--- The problem ---
For the material below, output exactly the span from the line with "Dise o de interiores" to the line with "Reebok Classic Dmx", including both, and nothing besides.

--- Extracted information ---
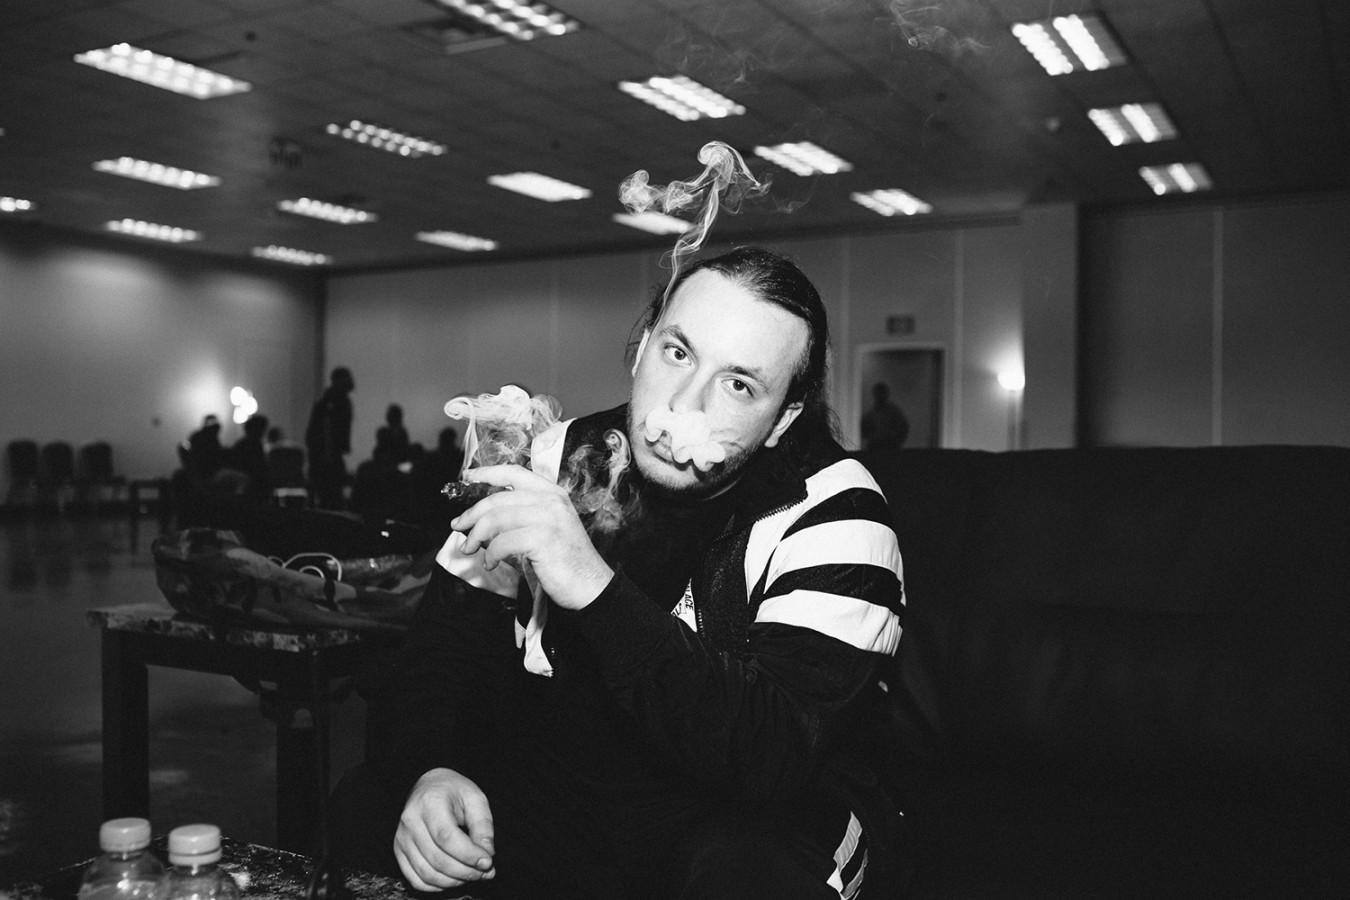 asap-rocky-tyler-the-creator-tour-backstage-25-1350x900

--

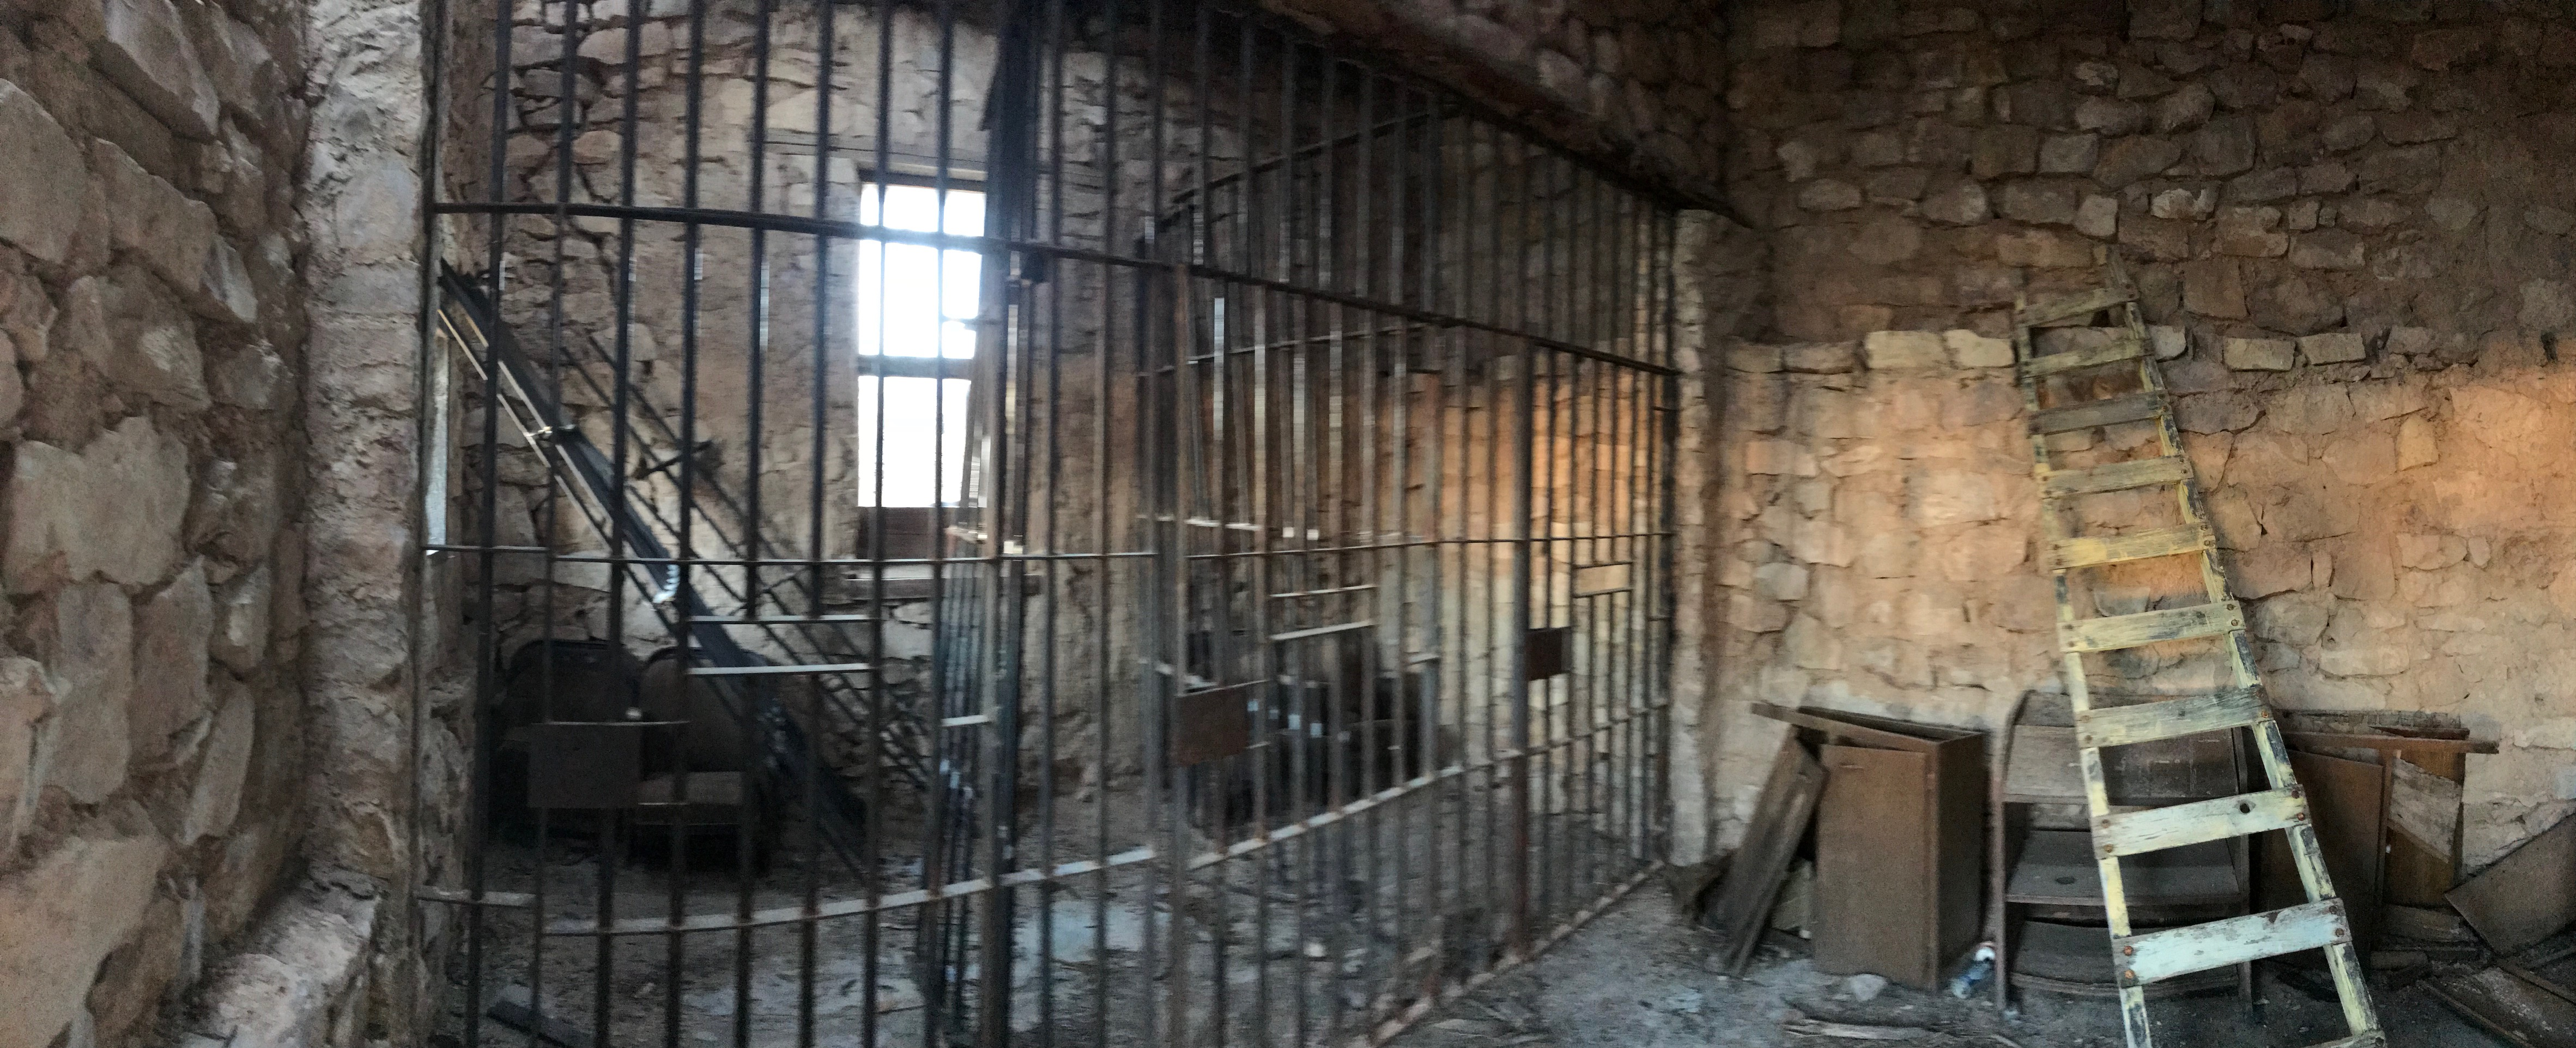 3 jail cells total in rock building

* * *

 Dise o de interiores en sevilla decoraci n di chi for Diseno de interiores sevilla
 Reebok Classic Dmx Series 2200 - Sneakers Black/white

--- Exercise answer ---
 Dise o de interiores en sevilla decoraci n di chi for Diseno de interiores sevilla
 Reebok Classic Dmx Series 2200 - Sneakers Black/white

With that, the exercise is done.